Mindfulness helps us not only to get in touch with suffering, so that we can embrace and transform it, but also to touch the wonders of life, including our own body. Then breathing in becomes a delight, and breathing out can also be a delight. You truly come to enjoy your breathing.

A few years ago, I had a virus in my lungs that made them bleed. I was spitting up blood. With lungs like that, it was difficult to breathe, and it was difficult to be happy while breathing. After treatment, my lungs healed and my breathing became much better. Now when I breathe, all I need to do is to remember the time when my lungs were infected with this virus. Then every breath I take becomes really delicious, really good.

Mindfulness is an energy you can generate all day long through your practice. You can wash your dishes in mindfulness. You can cook your dinner in mindfulness. You can mop the floor in mindfulness. And with mindfulness you can touch the many conditions of happiness and joy that are already available. You are a real artist. You know how to create joy and happiness any time you want. This is the joy and the happiness born from mindfulness.

4. CONCENTRATION

Concentration is born from mindfulness. Concentration has the power to break through, to burn away the afflictions that make you suffer and to allow joy and happiness to come in.

To stay in the present moment takes concentration. Worries and anxiety about the future are always there, ready to take us away. We can see them, acknowledge them, and use our concentration to return to the present moment.

When we have concentration, we have a lot of energy. We don’t get carried away by visions of past suffering or fears about the future. We dwell stably in the present moment so we can get in touch with the wonders of life, and generate joy and happiness.

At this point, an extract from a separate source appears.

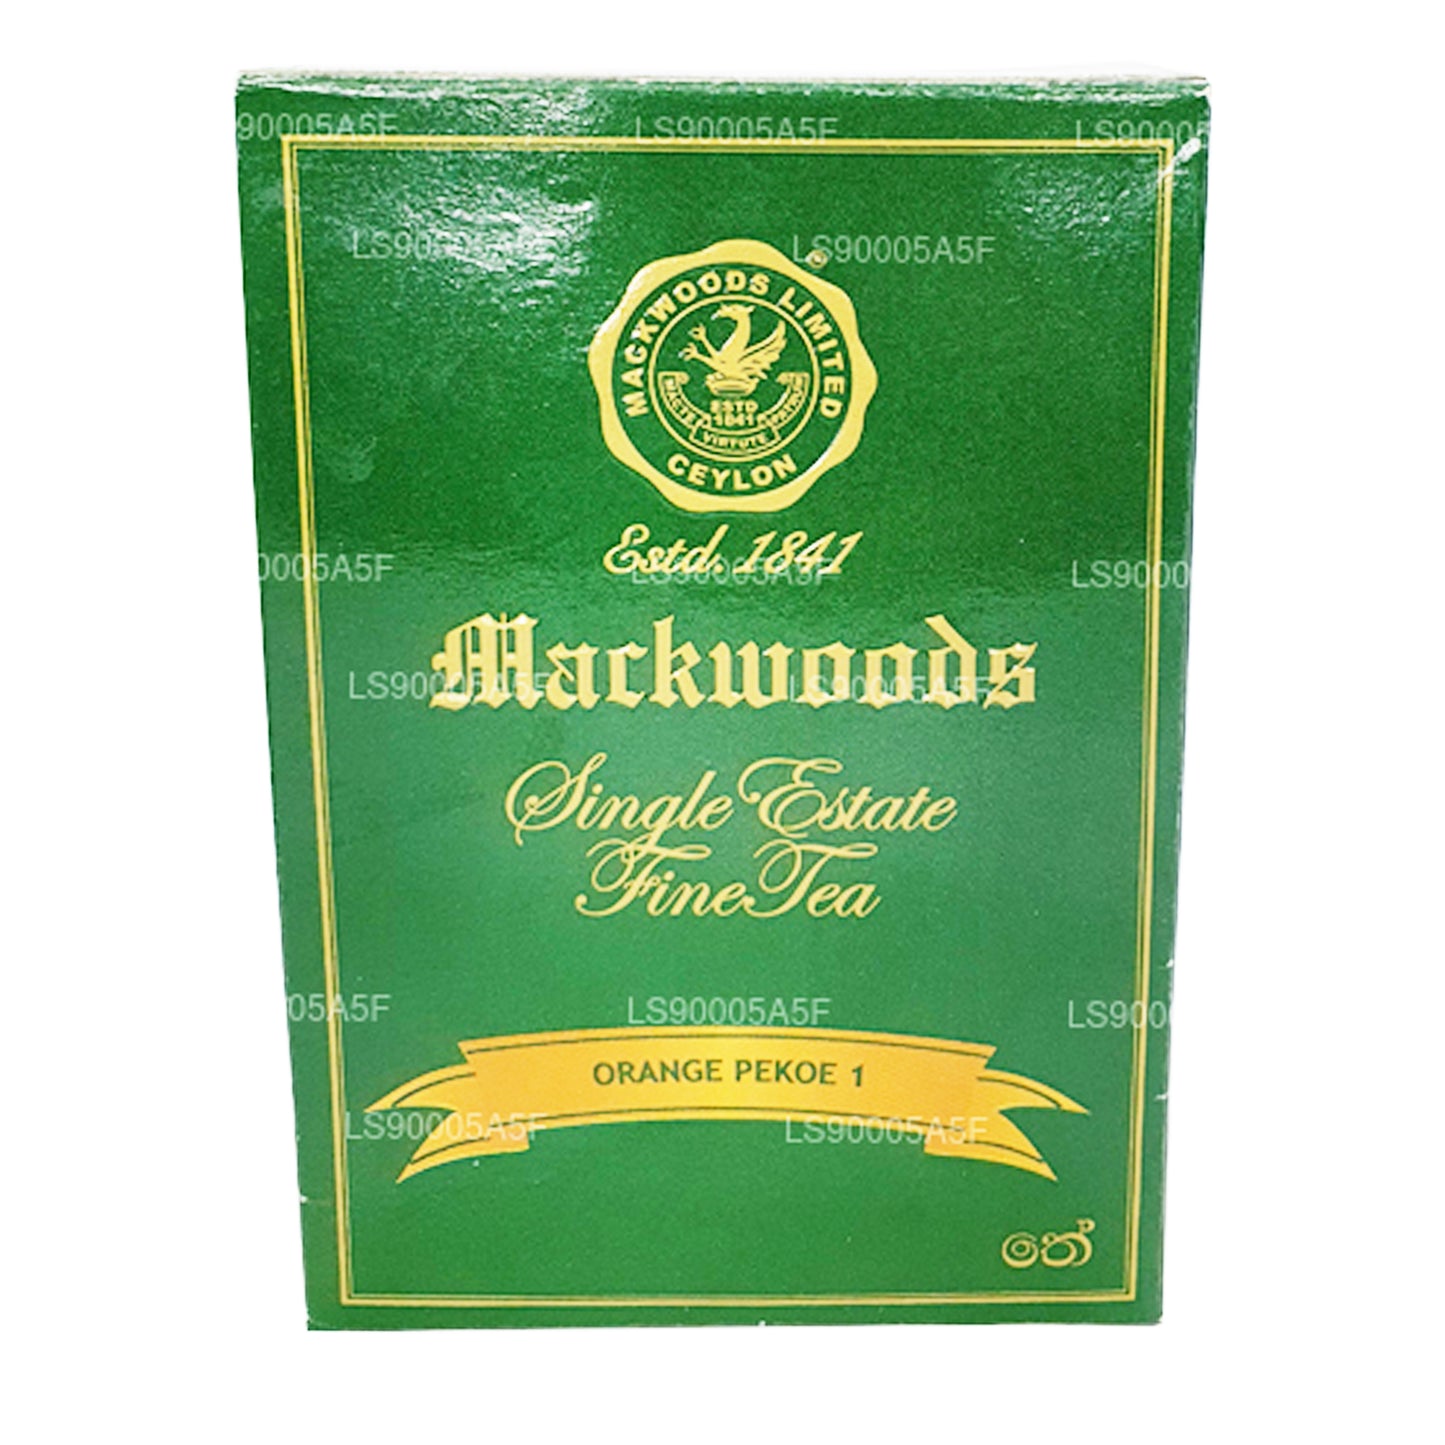 Mackwoods Portakal PEKOE 1 Çay (100g)

Concentration is always concentration on something. If you focus on your breathing in a relaxed way, you are already cultivating an inner strength. When you come back to feel your breath, concentrate on your breathing with all your heart and mind. Concentration is not hard labor. You don’t have to strain yourself or make a huge effort. Happiness arises lightly and easily.

5. INSIGHT

With mindfulness, we recognize the tension in our body, and we want very much to release it, but sometimes we can’t. What we need is some insight.

Insight is seeing what is there. It is the clarity that can liberate us from afflictions such as jealousy or anger, and allow true happiness to come. Every one of us has insight, though we don’t always make use of it to increase our happiness.

We may know, for example, that something (a craving, or a grudge) is an obstacle for our happiness, that it brings us anxiety and fear. We know this thing is not worth the sleep we’re losing over it. But still we go on spending our time and energy obsessing about it. We’re like a fish who has been caught once before and knows there’s a hook inside the bait; if the fish makes use of that insight, the fish won’t bite, because the fish knows he’ll get caught by the hook.

In the past we probably did suffer from one thing or another. It may even have felt like a kind of hell. If we remember that suffering, not letting ourselves get carried away by it, we can use it to remind ourselves, “How lucky I am right now. I’m not in that situation. I can be happy”—that is insight; and in that moment, our joy, and our happiness can grow very quickly.

The essence of our practice can be described as transforming suffering into happiness. It’s not a complicated practice, but it does require us to cultivate mindfulness, concentration, and insight.